Machine learning and artificial intelligence have started to show applications around all industries. Healthcare is no exception. In fact, considering the immense amount of data being produced every day in this field, healthcare is a prime area to apply machine learning. Researchers at the University of Washington utilized a new approach to determine which markers to target in leukemia patients.

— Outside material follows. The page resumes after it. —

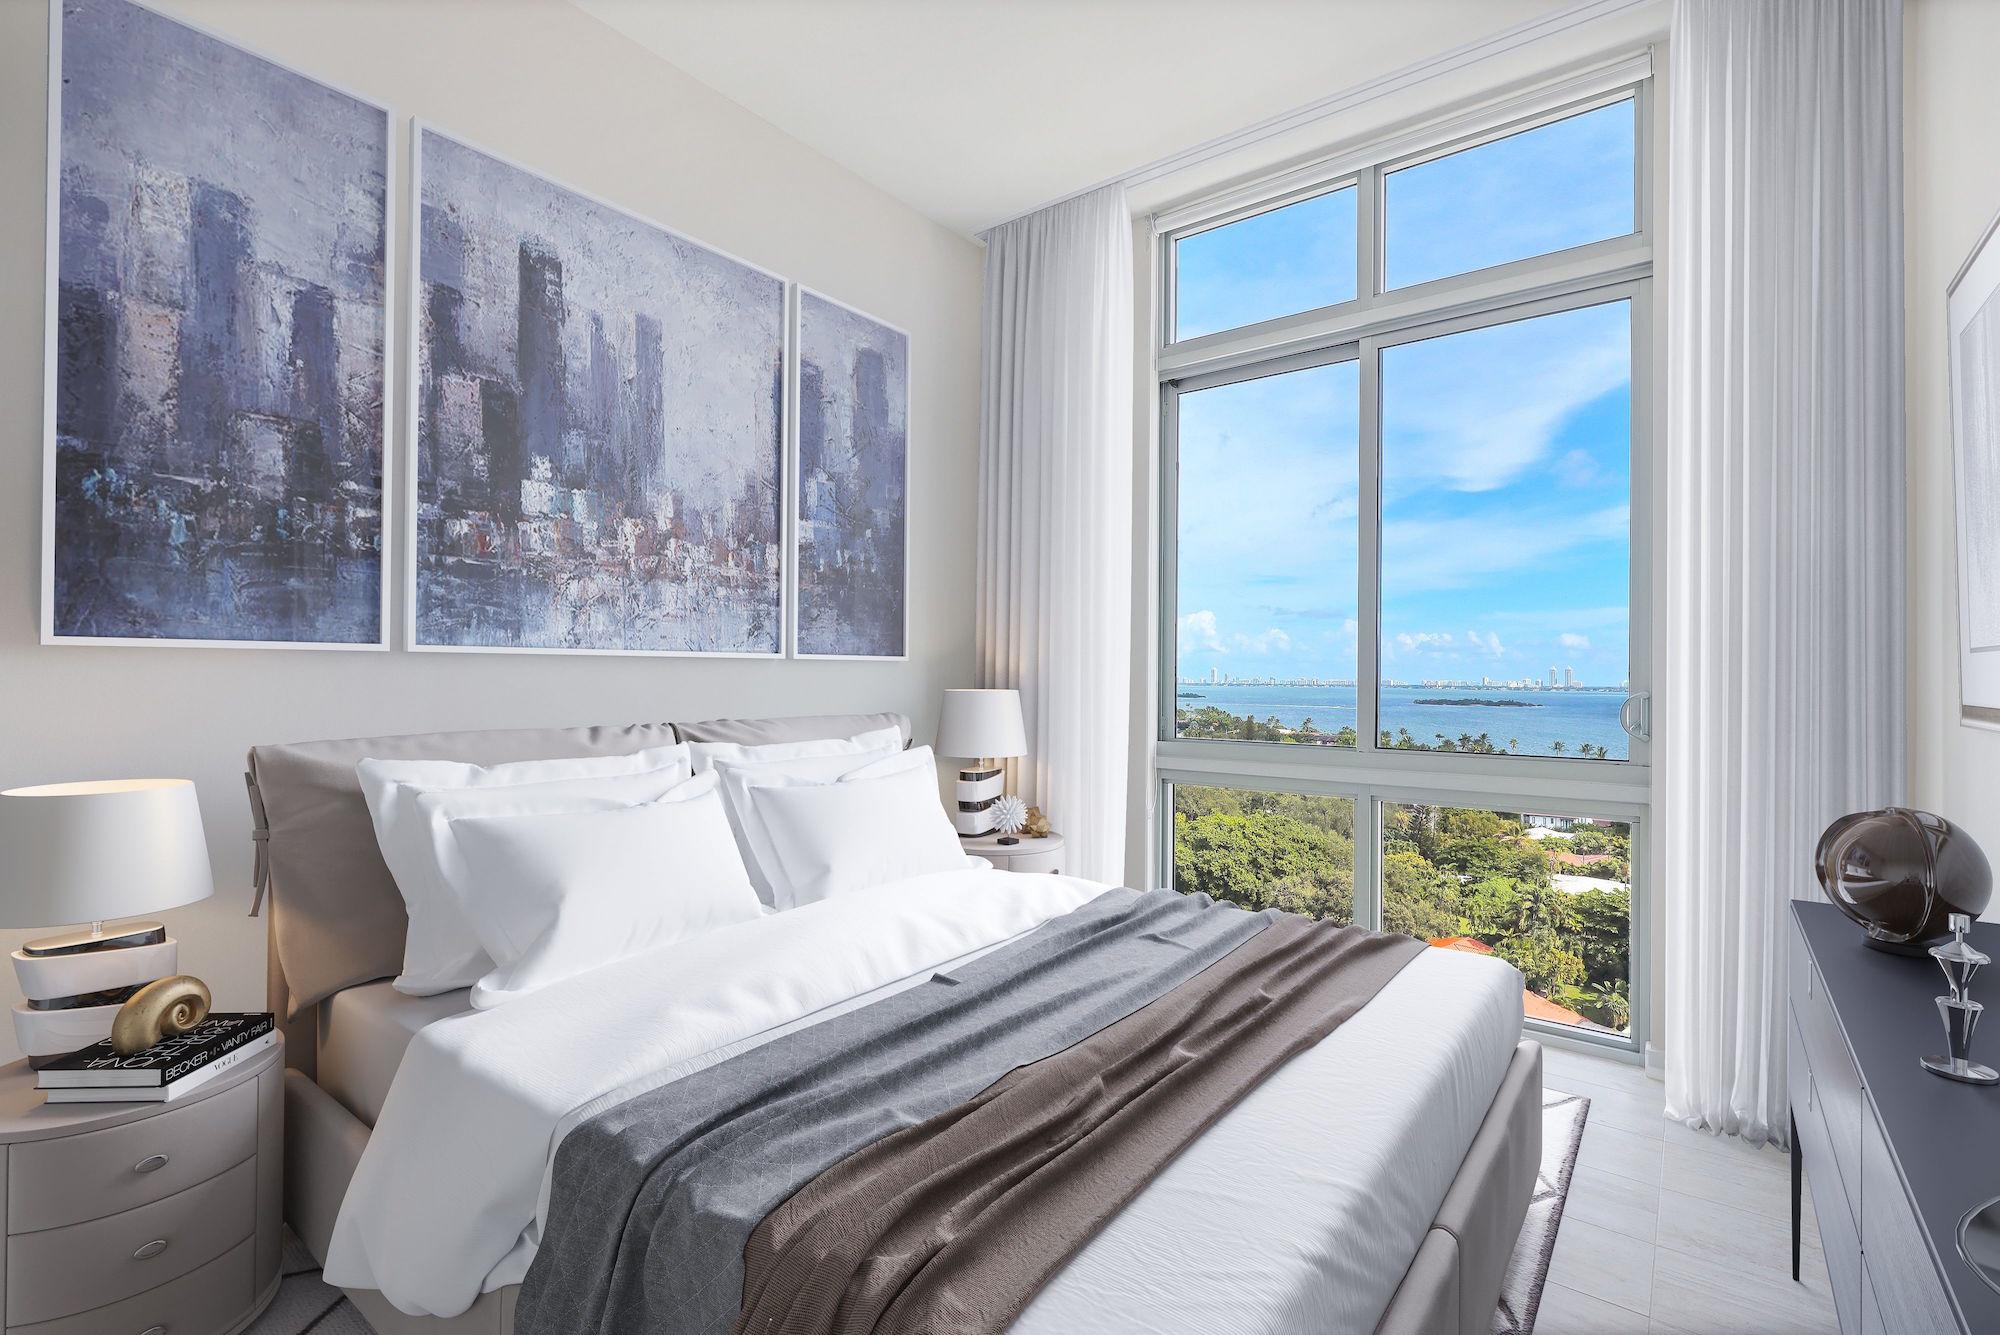 Quadro at Miami Design District - bedroom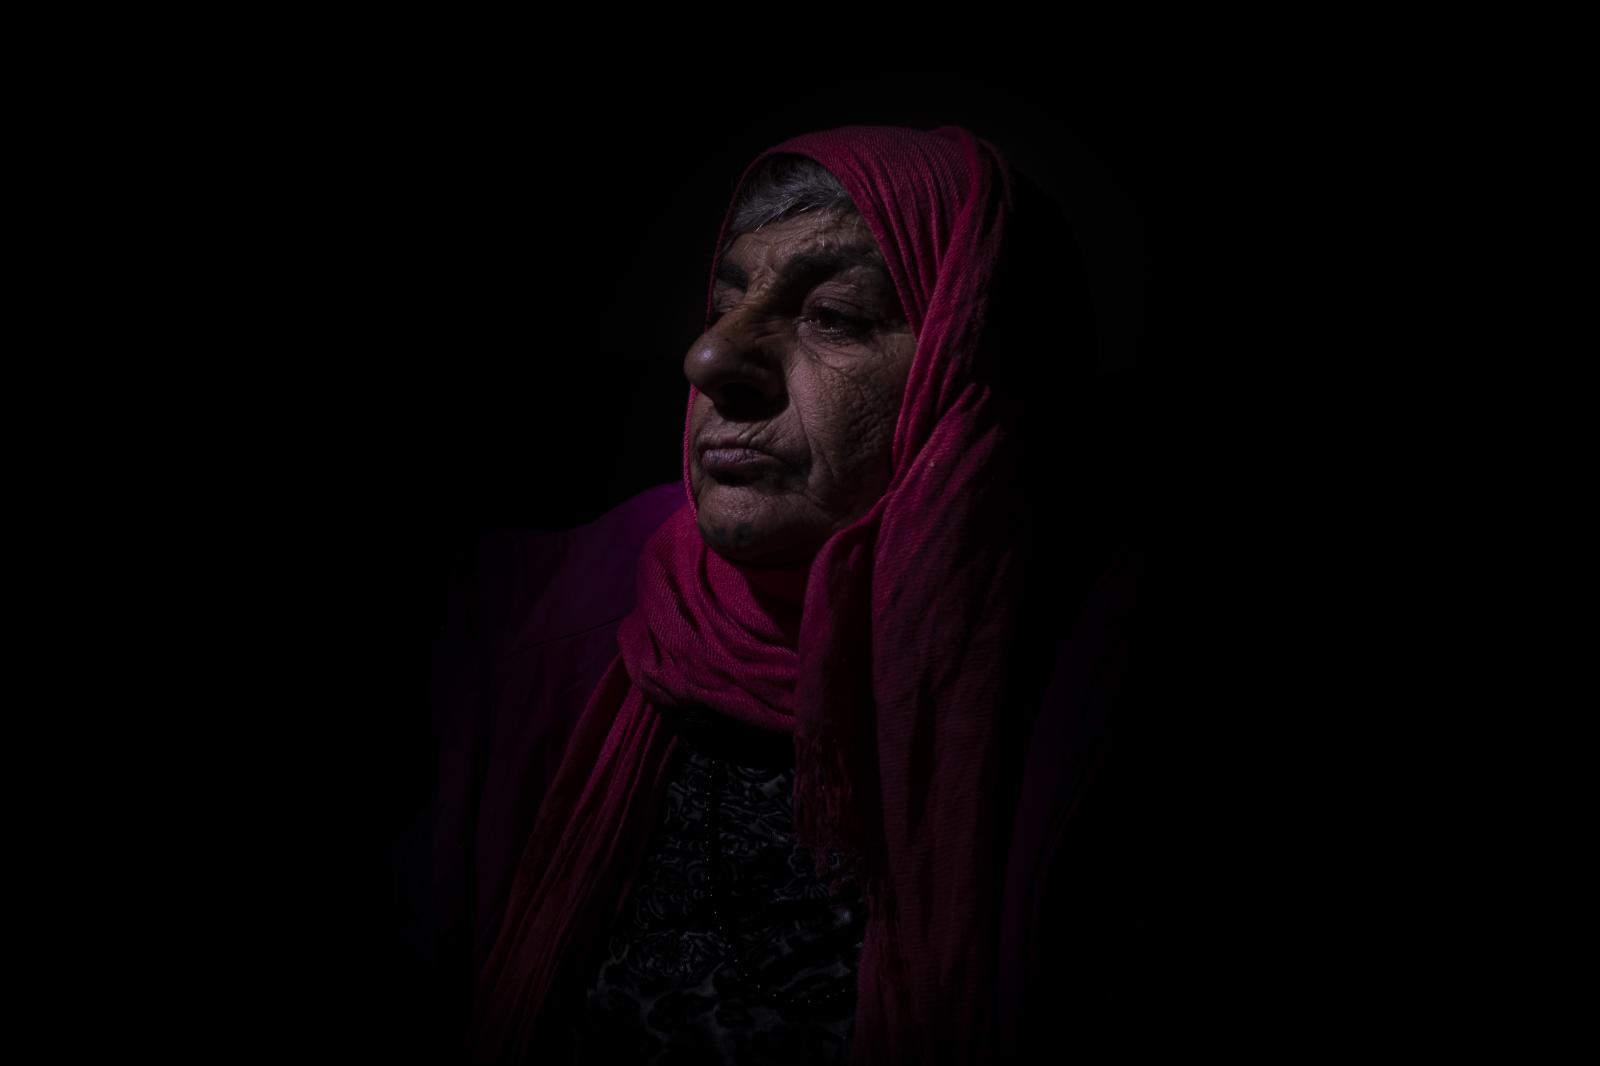 Photography image - Loading Rojava-Lubaki-Photographer-Refugee24.jpg

While there are over a thousand cancer treatments in clinical development in the US alone, choosing the proper treatment remains a challenge. Cancers that appear pathologically similar may react very differently to the same treatment. Hence, methods to more accurately pair patients to treatments are needed. The UW researchers' novel computational technique identifies gene expression markers to reliably target and learns from data on how much certain drivers contribute to the progress of the cancer. This provides a new way to prioritize gene-treatment associations by determining a probability the a certain gene can be reliably used as a marker for various treatments.
This study implemented the new identification technique on a sample of 30 patients and found an improvement in the chance that the gene-treatment association are validated. While the implications of this study are promising, because of the small sample size, additional research will certain need to be conducted to yield more robust data. It is, however, still just as exciting to see how areas like machine learning, predictive analytics, and computational statistics can be applied in the field of medicine.
We demonstrate a promising approach to identify robust molecular markers for targeted treatment of acute myeloid leukemia (AML) by introducing: data from 30 AML patients including genome-wide gene expression profiles and in vitro sensitivity to 160 chemotherapy drugs, a computational method to identify reliable gene expression markers for drug sensitivity by incorporating multi-omic prior information relevant to each gene’s potential to drive cancer. We show that our method outperforms several state-of-the-art approaches in identifying molecular markers replicated in validation data and predicting drug sensitivity accurately. Finally, we identify SMARCA4 as a marker and driver of sensitivity to topoisomerase II inhibitors, mitoxantrone, and etoposide, in AML by showing that cell lines transduced to have high SMARCA4 expression reveal dramatically increased sensitivity to these agents.